_What to produce:_
Below are records to repeat exactly; do not include any pictures.

BEGIN Data excerpts

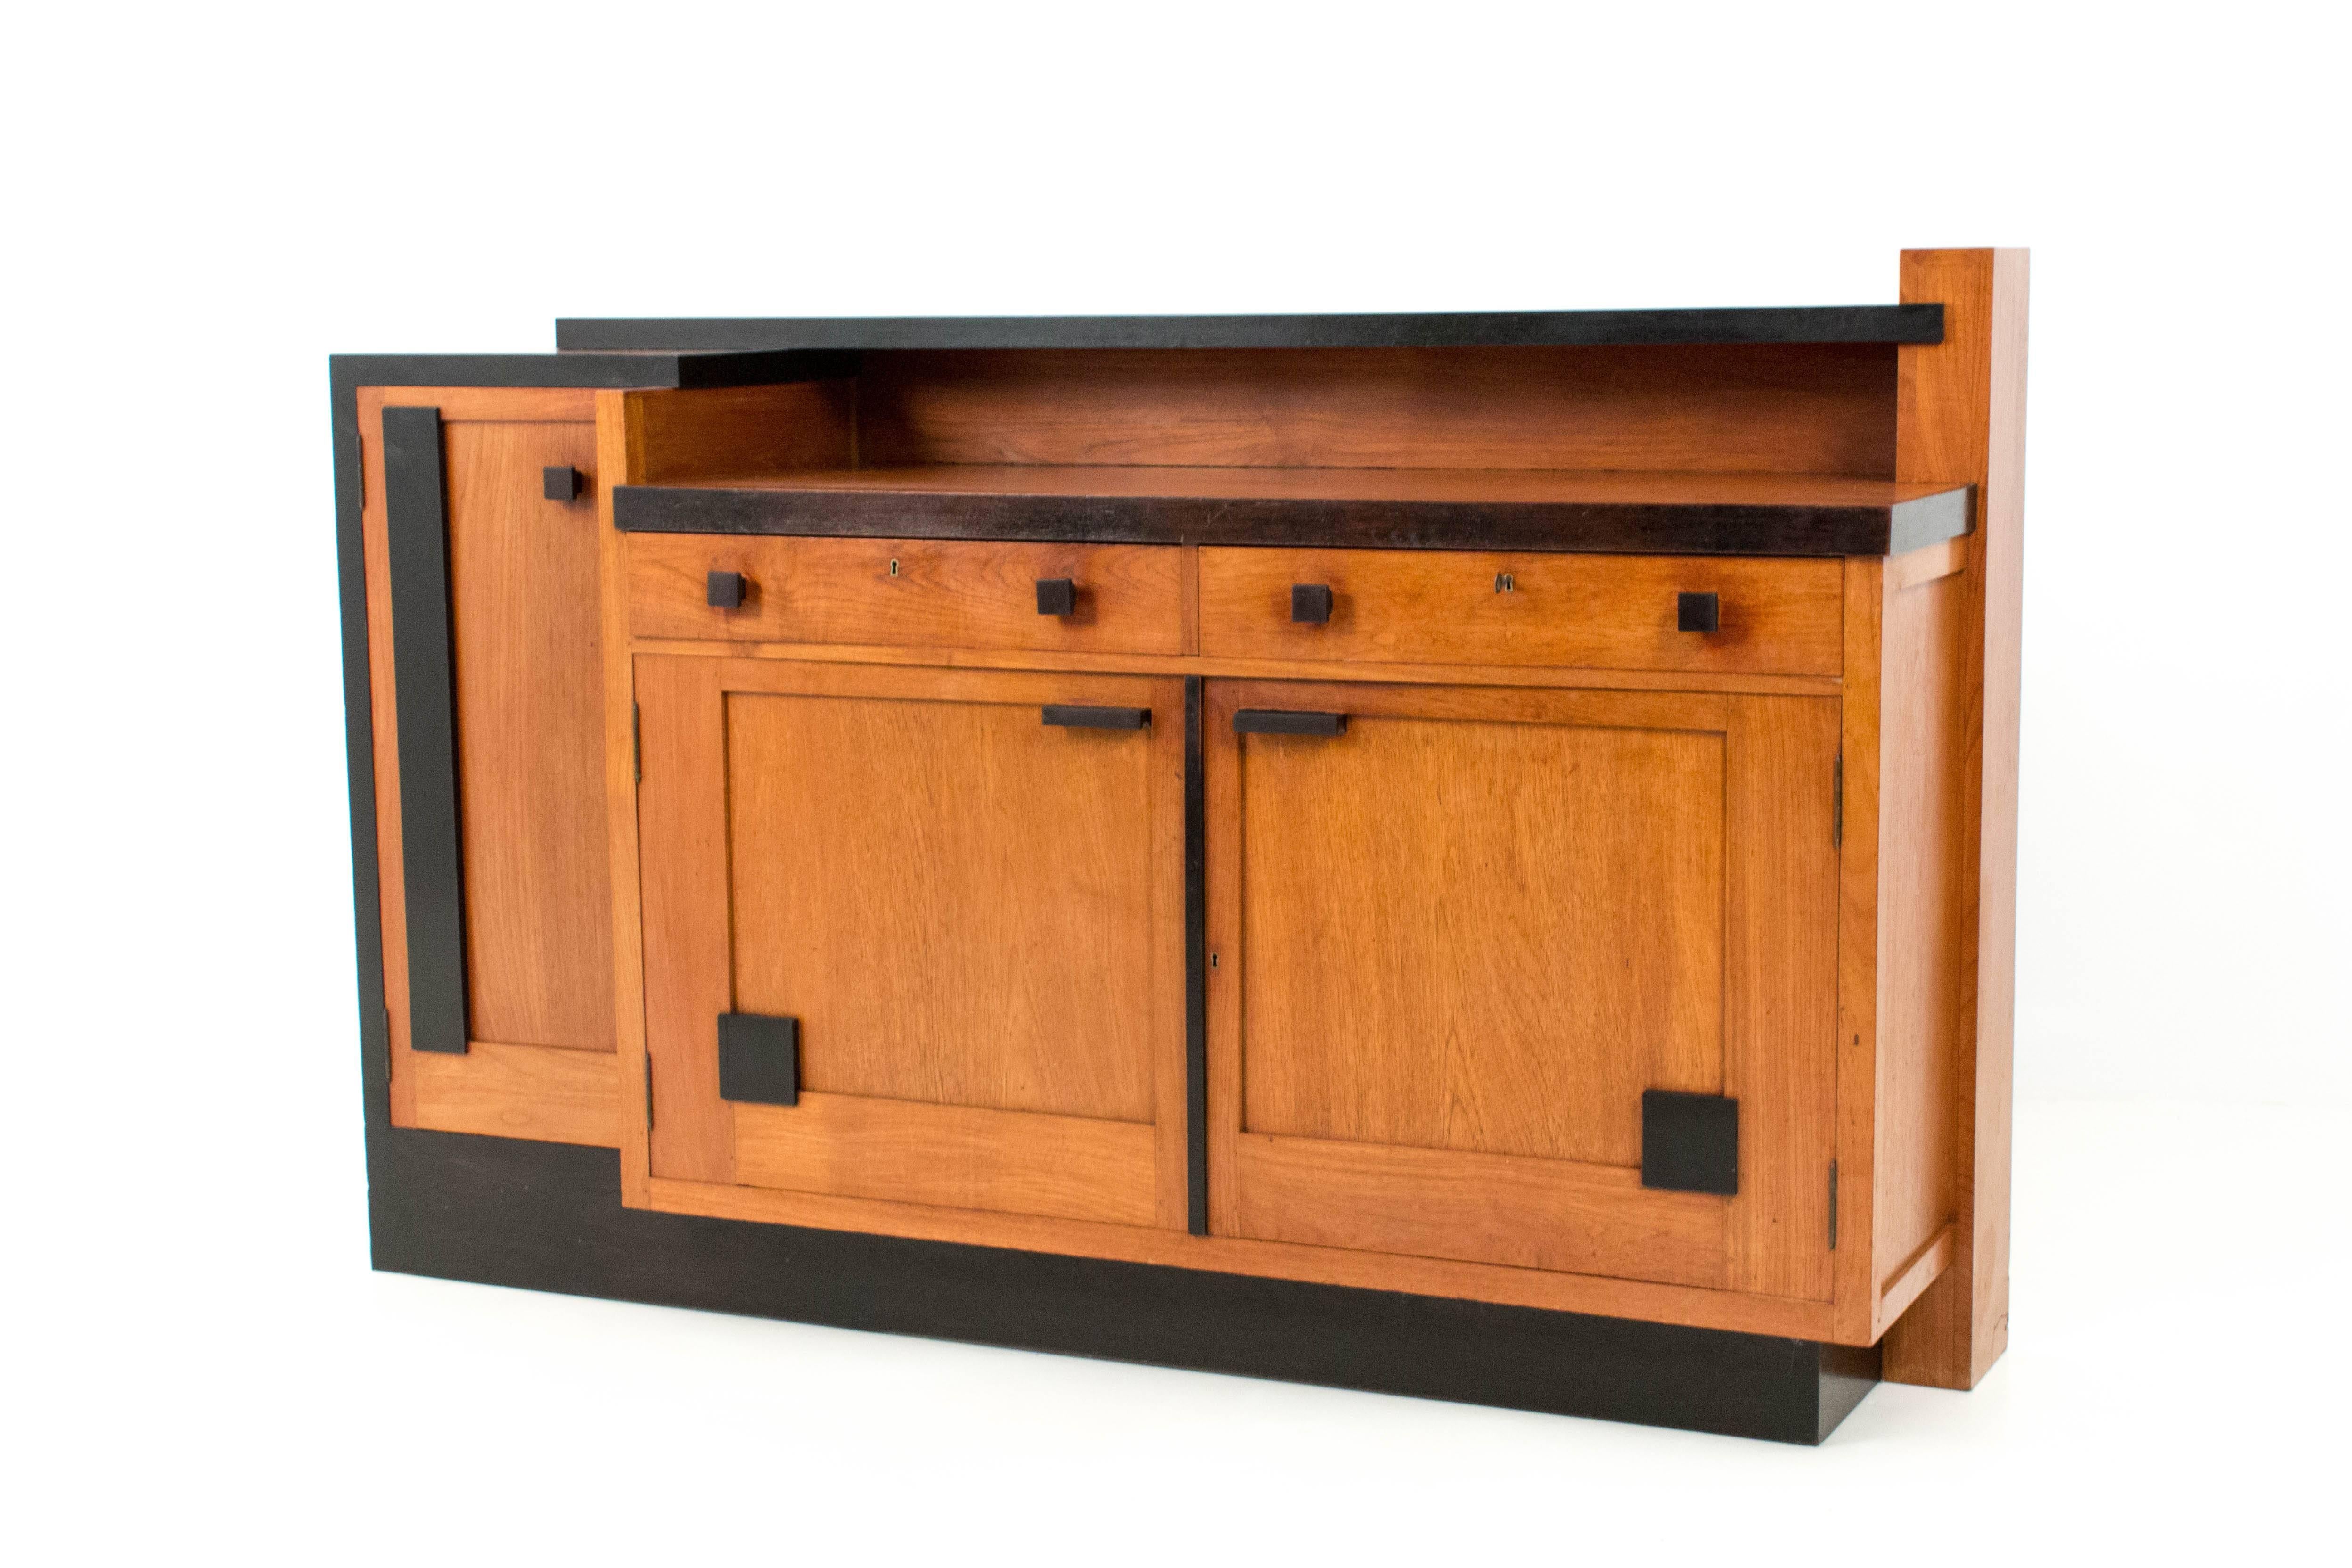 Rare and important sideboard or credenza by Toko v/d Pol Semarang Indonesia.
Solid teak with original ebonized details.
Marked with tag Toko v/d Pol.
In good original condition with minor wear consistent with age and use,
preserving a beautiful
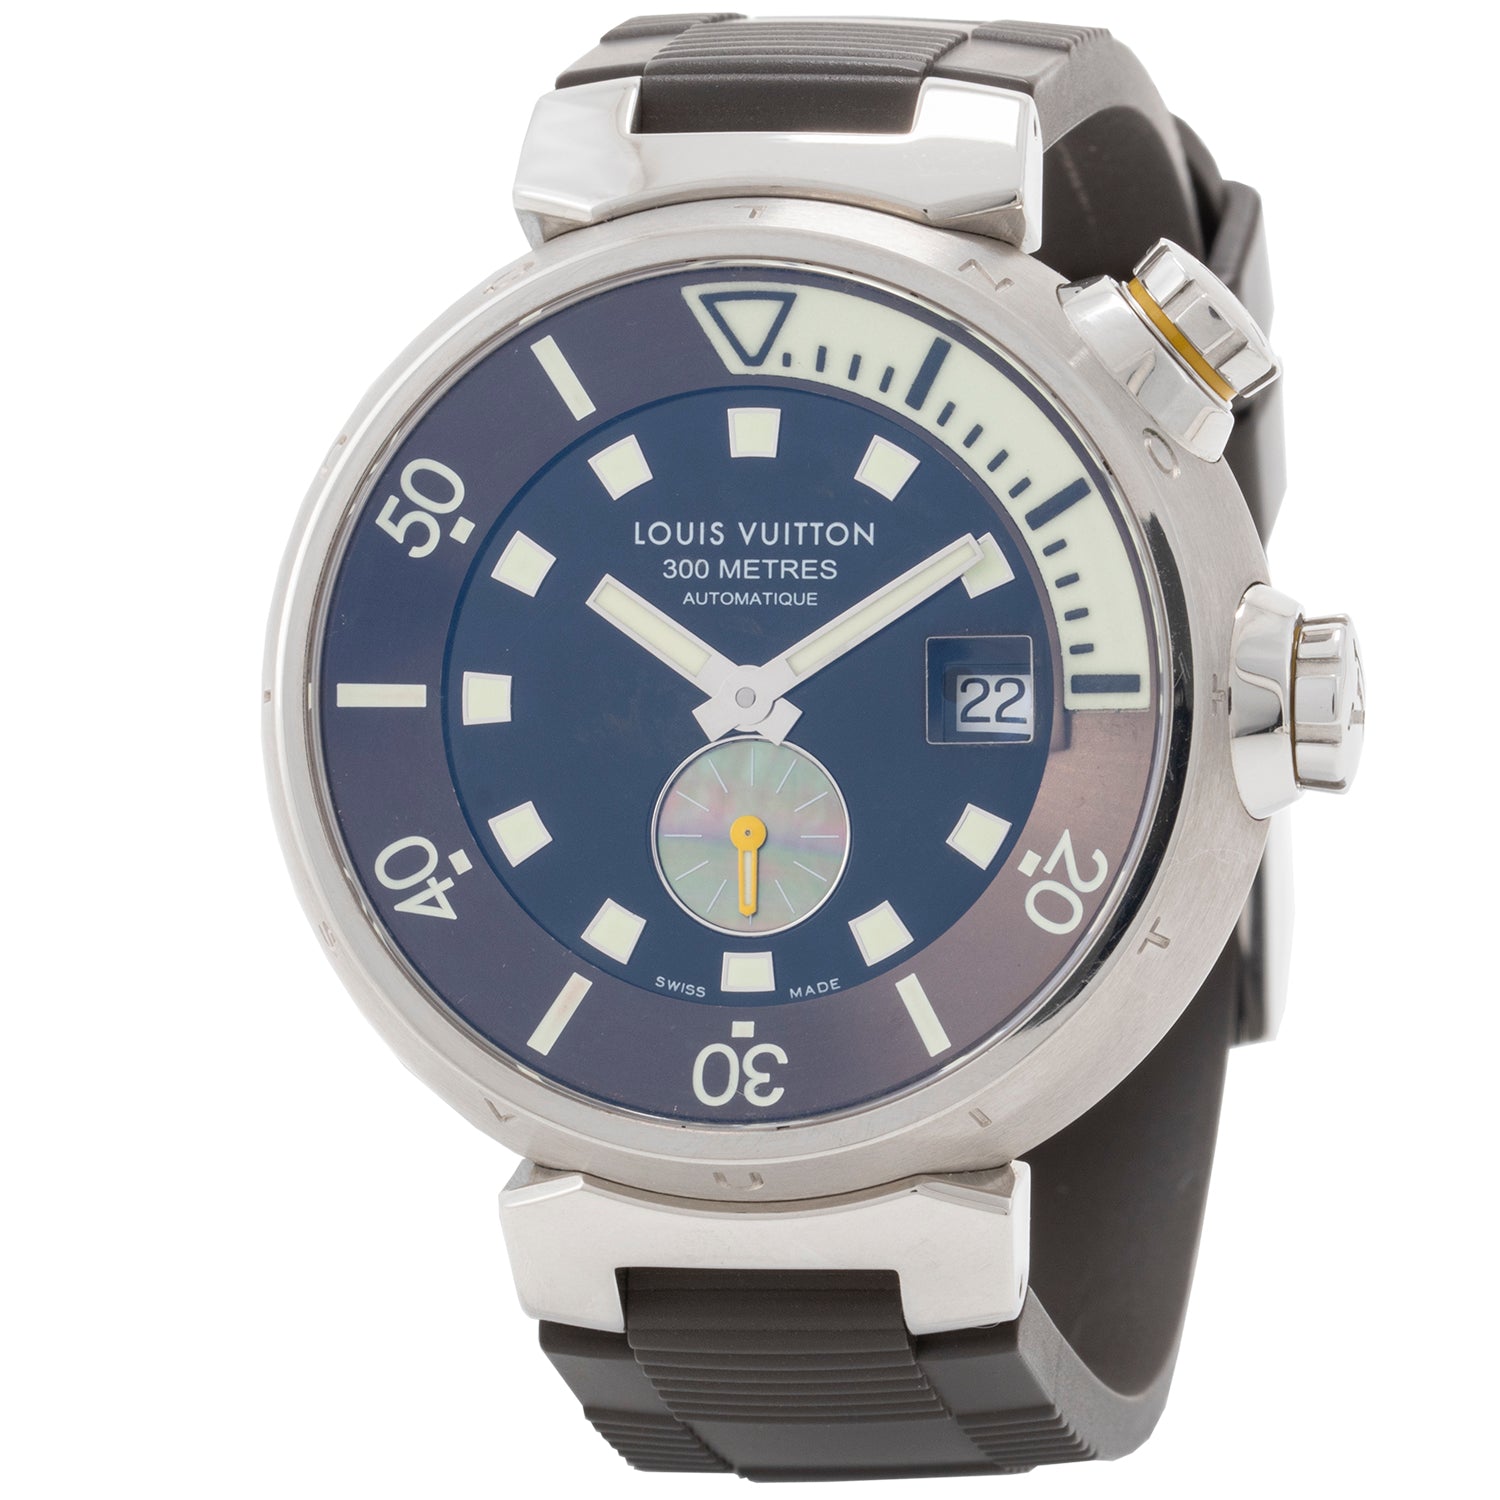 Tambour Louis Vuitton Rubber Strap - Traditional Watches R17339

END Data excerpts

_Answer:_
 Rare and important sideboard or credenza by Toko v/d Pol Semarang Indonesia.
Solid teak with original ebonized details.
Marked with tag Toko v/d Pol.
In good original condition with minor wear consistent with age and use,
preserving a beautiful
 Tambour Louis Vuitton Rubber Strap - Traditional Watches R17339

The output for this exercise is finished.